We waited the recommended 4-6 months before ever letting a cry go unanswered, and then we implemented sleep training. He was already sleeping through the night, he just still needed to nurse to fall asleep initially. We did our nighttime routine, left him awake in the crib, walked out for 2 minutes to hear ear piercing screaming, came back in and soothed him (although we did pick him up and calm him down, otherwise it was pointless), and repeated at increasing intervals. It took an hour the first night. And after 3 night of this, he successfully taught him self how to soothe himself to sleep. I felt conflicted about this method the first time I read about it. Every night I was in tears, and I didn’t feel any amazing sense of accomplishment once it worked.

When I found out I was pregnant with my second, one of the first things I started questioning was if I would do the “cry it out” method again. Recently there have been many studies and new findings suggesting that this method is much more harmful than helpful for a child. Articles like this and this (and plenty more) claim the traumatic crying for such a young baby can kill brain cells, thus resulting in several problems later in life such as ADHD, antisocial behavior, and lower IQ.

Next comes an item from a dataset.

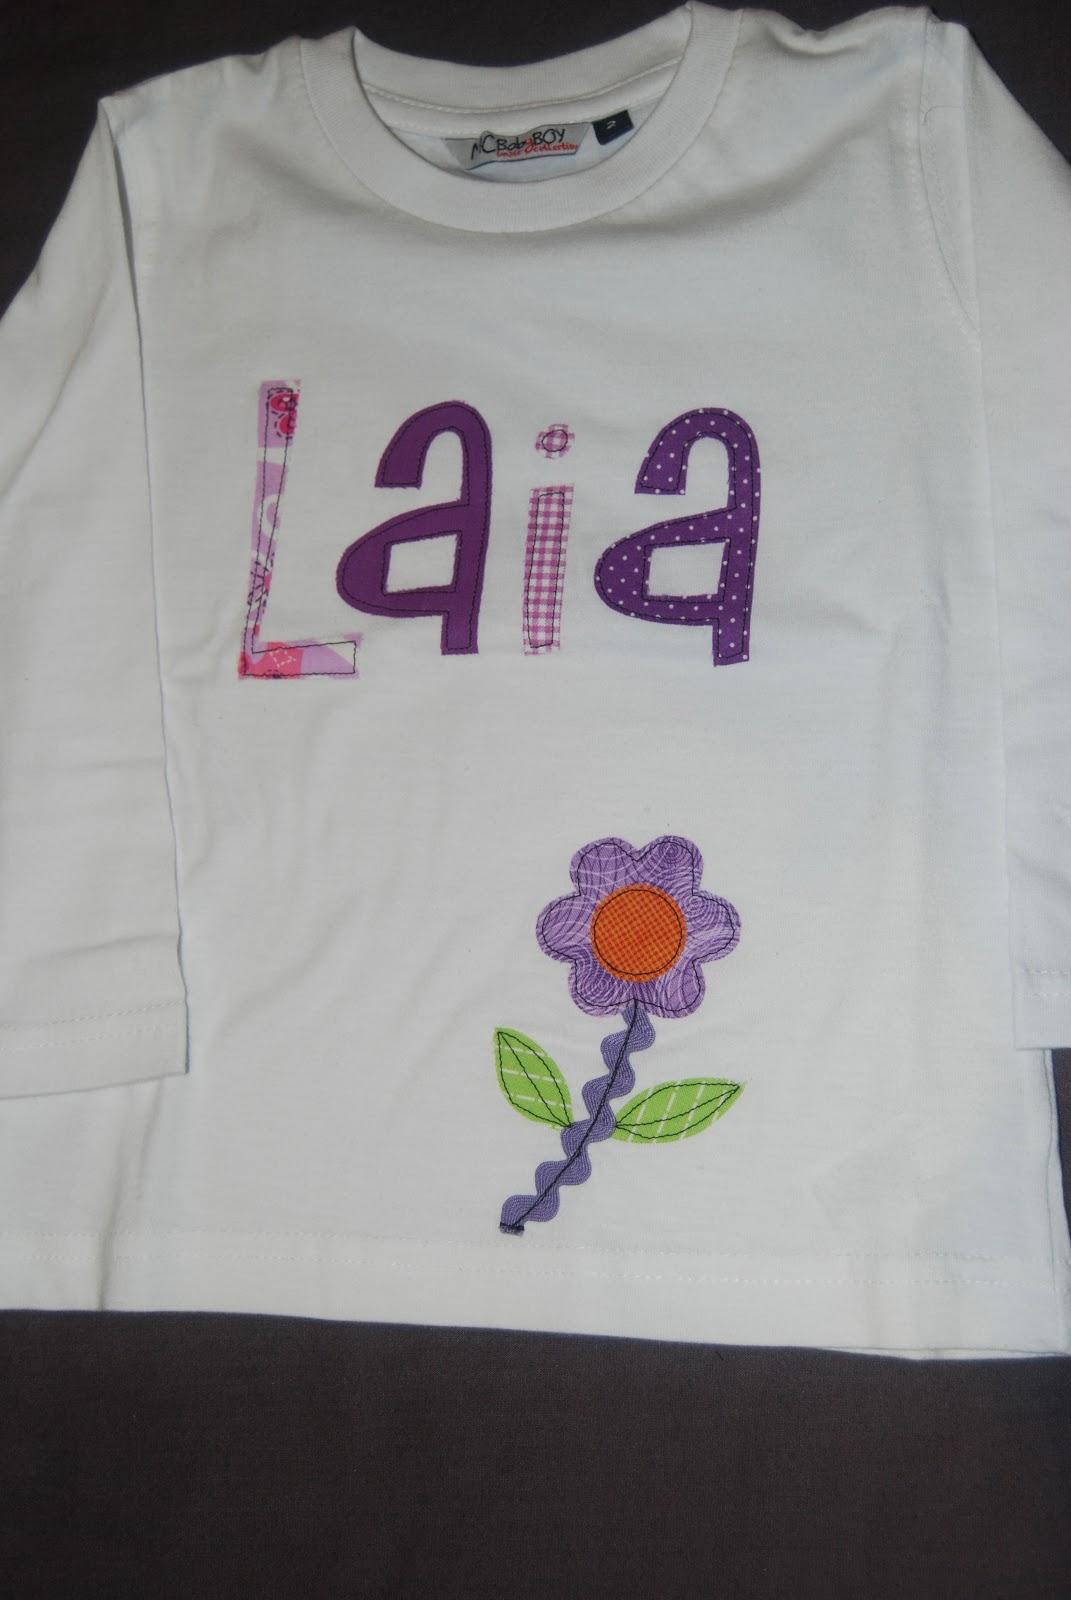 http://1.bp.blogspot.com/-gTB4-ycbMww/UImqQds4RTI/AAAAAAAACgo/B07PSsK1CCM/s1600/Camiseta-7.jpg
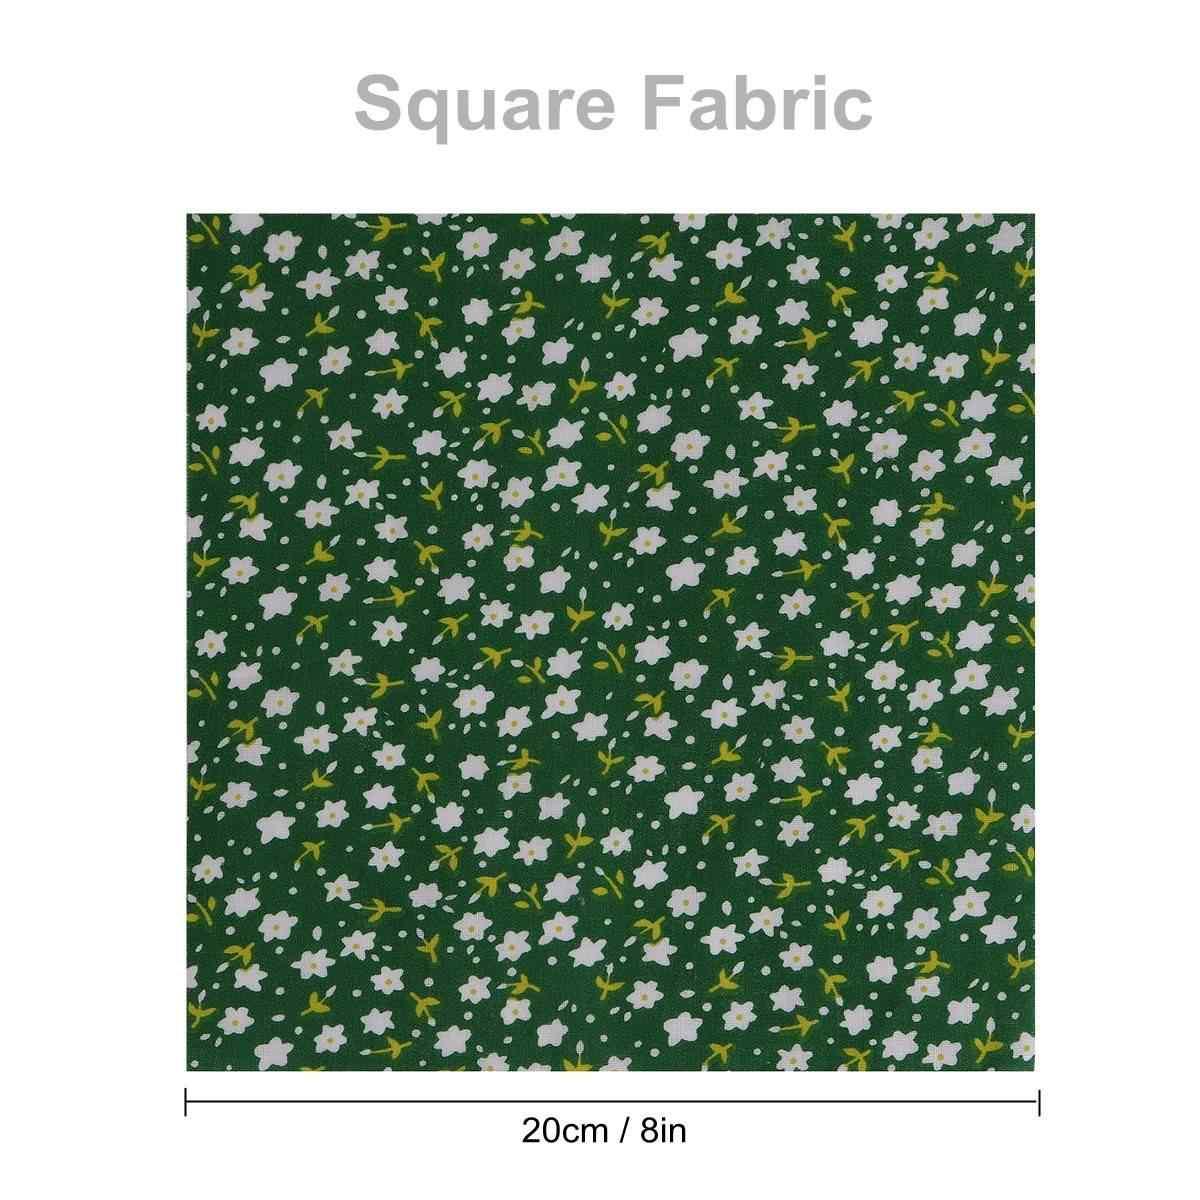 50 pz/lotto Morbido Cotone Tinta Unita Tessuto Patchwork di Stoffa Fatti A Mano FAI DA TE Quilting Cucito Artigianato Cuscino Sacchetto di Materiale Tessile 20x20 cm

I’m not saying I agree with these articles. I’m not saying I agree with the “cry it out” method. I’m trying to figure out where I stand, although I’m thinking I’m leaning more towards finding a different method for this next baby. I have been questioning ever since I had my first baby if it is really that terrible to rock, nurser, or sing an infant to sleep every night. Somehow our society teaches us it is. Why should we lose sleep just because these babies of ours need things like comfort?

What do you believe about sleep training and crying it out? Is it really as harmful at it seems or is it beneficial to teach our children good sleep habits? Where do you stand?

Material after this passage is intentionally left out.